A years-long headache for Zurich's cultural memory institutions moved closer to a practical fix this week, as ETH Zurich's Visual Computing Group confirmed that its duplicate-detection pipeline has entered live testing across three partner archives in the city. The system, built on perceptual hashing and neural embedding comparison, is designed to flag near-identical images that differ only by cropping, colour correction or file format — the kind of clutter that has quietly ballooned inside municipal and institutional image libraries for more than a decade.
The problem is more costly than it sounds. When the same photograph exists in a database under five slightly different filenames, every downstream system — from public search portals to rights-management software — either has to process all five copies or risks surfacing the wrong version. For institutions managing tens of thousands of images, that overhead compounds quickly. The timing matters now because several Zurich organisations are midway through major digitisation pushes, and cleaning house before those projects finish is considerably cheaper than doing it afterwards.
Who Is Affected and Where
Two organisations confirmed as testing partners this week are the Zentralbibliothek Zürich on Zähringerplatz and the Stadt Zürich's own digital asset management unit, which oversees the photographic holdings of the Stadtarchiv on Neumarkt. Both institutions have collections that run into the hundreds of thousands of image files accumulated since the early days of digital photography in the mid-1990s. Staff at the Zentralbibliothek have reportedly been dealing with a manual review backlog since at least 2023, when a migration to a new content management system surfaced a larger-than-expected number of near-duplicate scans from the same original prints.

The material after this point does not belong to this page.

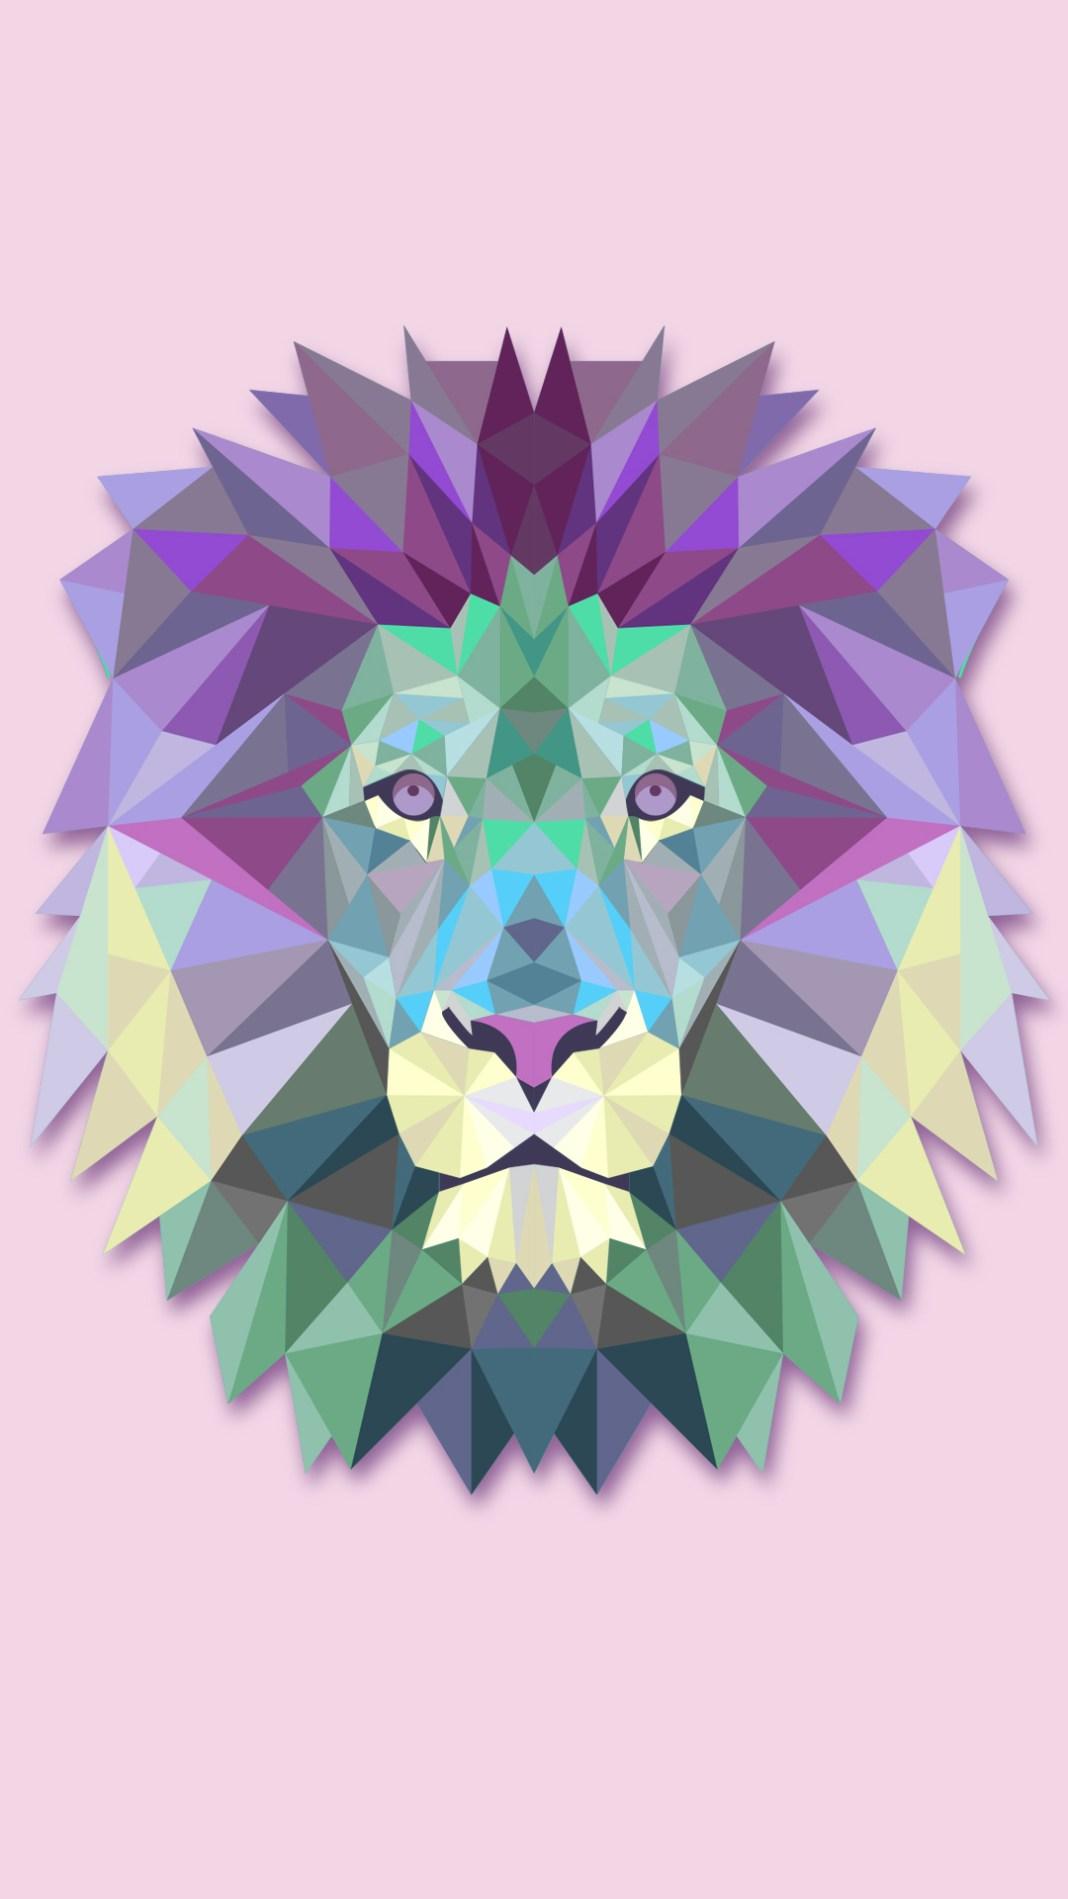 polygon-lion-1136

The Museum für Gestaltung, located at Ausstellungsstrasse 60 in Zürich West, is also understood to be monitoring the ETH project with interest, given its design collection spans both digitised analogue photographs and born-digital material from more recent acquisitions. The museum has not confirmed a formal partnership with the ETH group at this stage.

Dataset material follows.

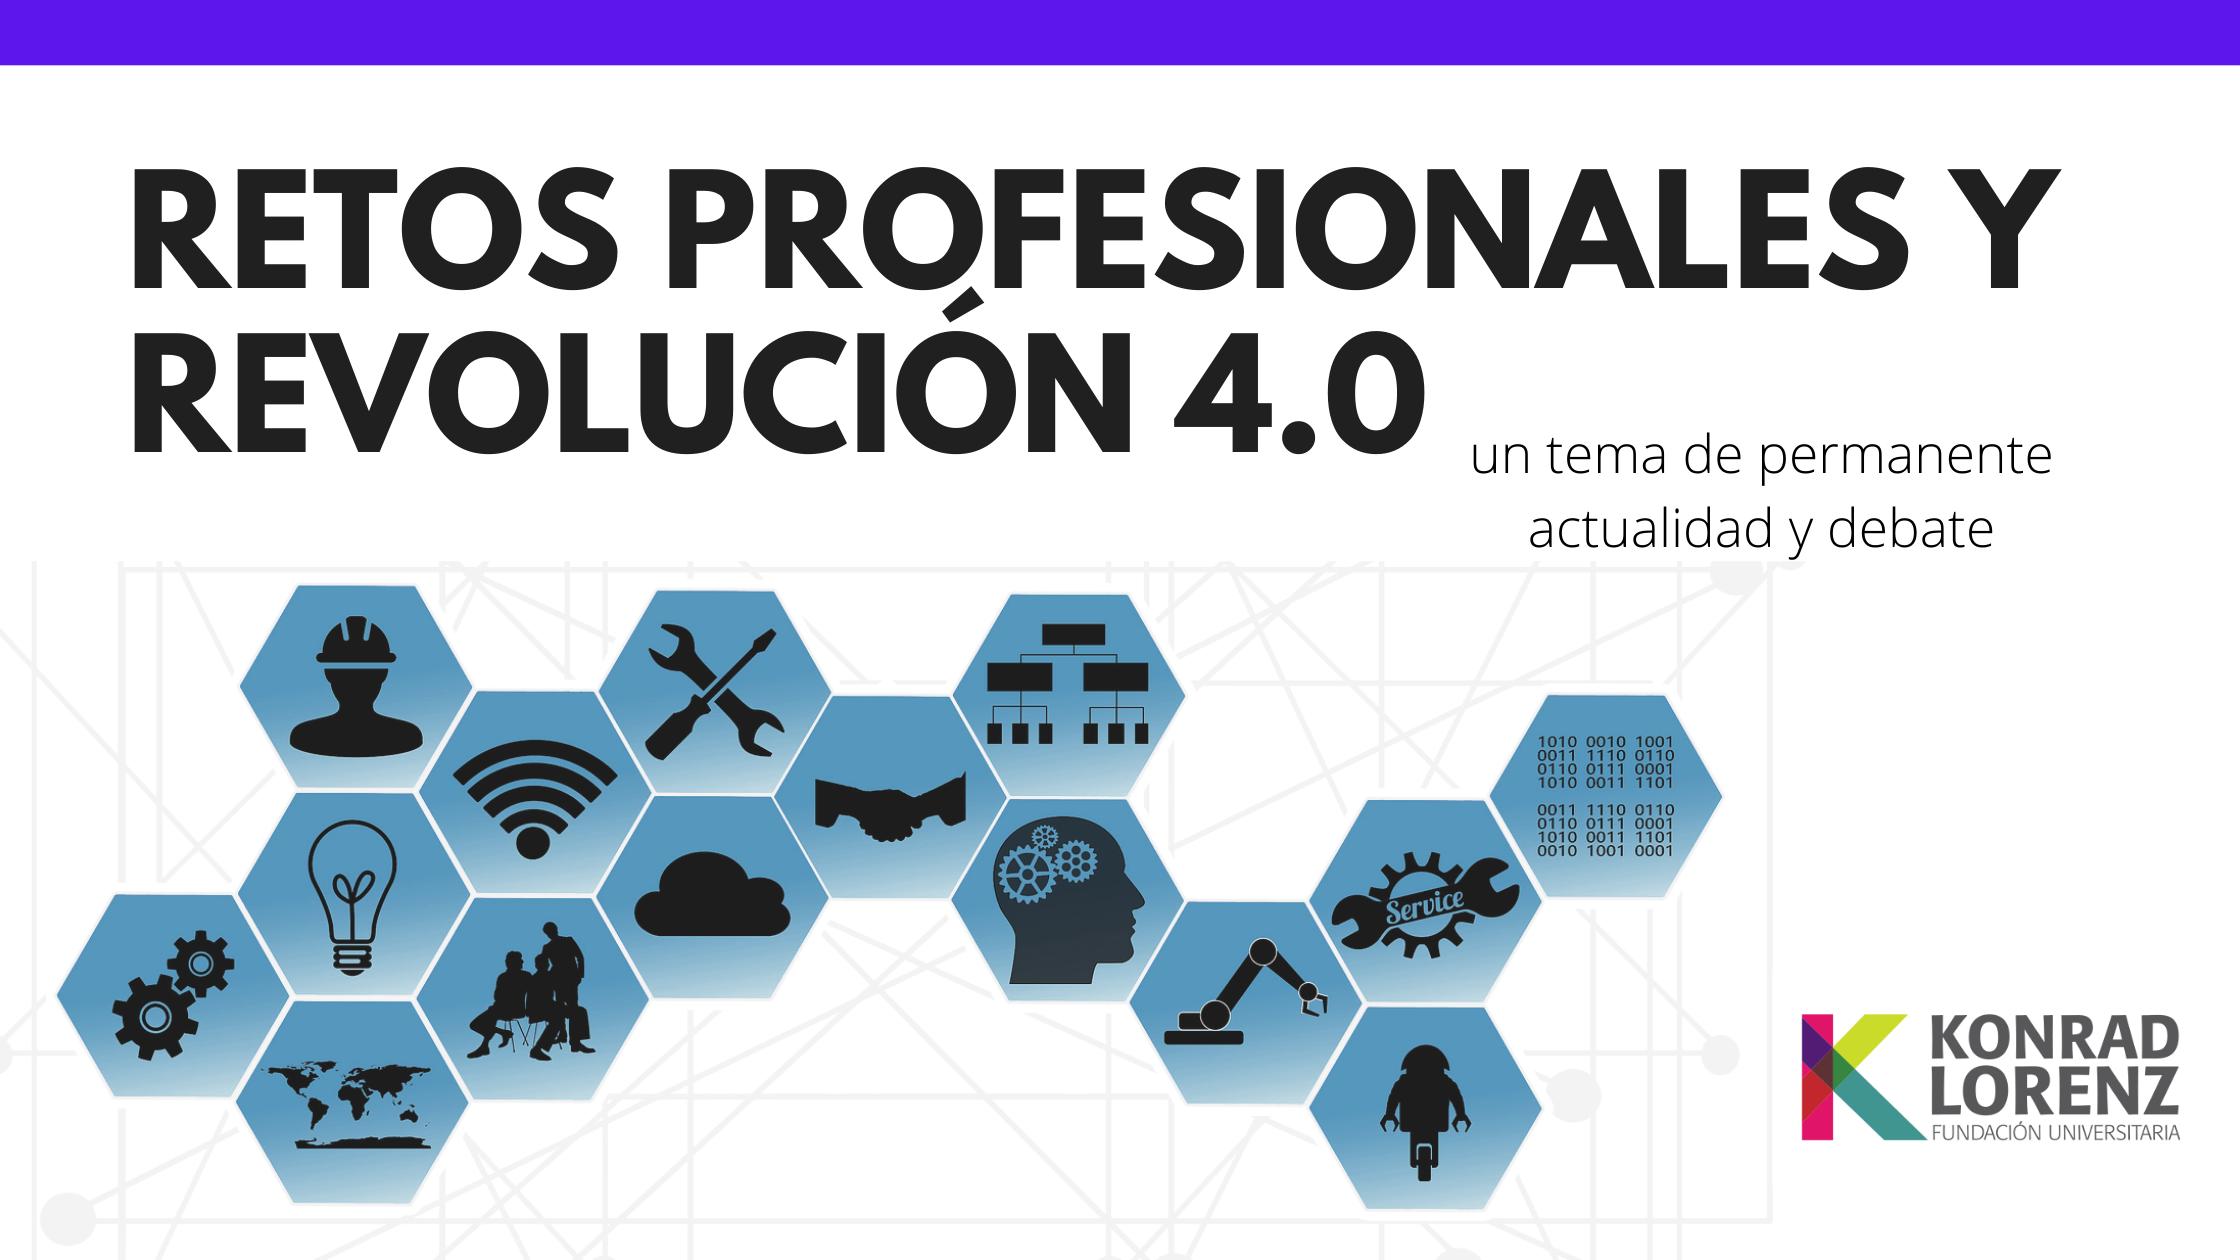 Retos profesionales y revolución 4.0

The technical core of the ETH tool is not new in principle — perceptual hashing has existed since at least 2004 — but the current iteration layers a secondary comparison using image embeddings generated by a convolutional neural network fine-tuned on archival photography. That combination is what allows the system to catch duplicates that were rescanned at higher resolution or converted from TIFF to JPEG, which simpler hash-only approaches miss entirely.
What the Numbers Look Like
In a preliminary internal report circulated to partner institutions in June 2026, the ETH group indicated that test runs on a sample collection of roughly 80,000 images turned up a duplication rate of approximately 12 percent — meaning around 9,600 files were flagged as redundant copies of images already present in the same database. Institutions reviewing those findings noted the figure aligned with informal estimates their own archivists had been using for internal planning, though staff had not previously had a systematic way to verify the scale. At the Zentralbibliothek, where digitisation contracts are priced partly on the number of unique assets handled, a 12 percent reduction in active file count has direct budget implications.

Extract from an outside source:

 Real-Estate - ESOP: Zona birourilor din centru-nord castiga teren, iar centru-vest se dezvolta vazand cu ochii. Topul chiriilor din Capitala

The ETH group is working under a grant cycle that runs through the end of 2026, which creates pressure to complete the live-testing phase and publish findings before the funding window closes in December. A public workshop for interested institutions is being planned for late September, likely at the ETH main building on Rämistrasse 101, where archivists from across the German-speaking region will be invited to review the methodology.
For organisations not involved in the current pilot, the practical advice from archivists familiar with the project is straightforward: avoid importing new image batches into legacy systems until duplicate-detection standards are clearer. Running even a basic hash-check on incoming files before ingestion costs almost nothing in processing time and can prevent problems that take staff weeks to untangle later. Institutions with active digitisation contracts may want to ask their service providers specifically whether near-duplicate detection is included in the scope — it often is not, unless the contract explicitly requires it.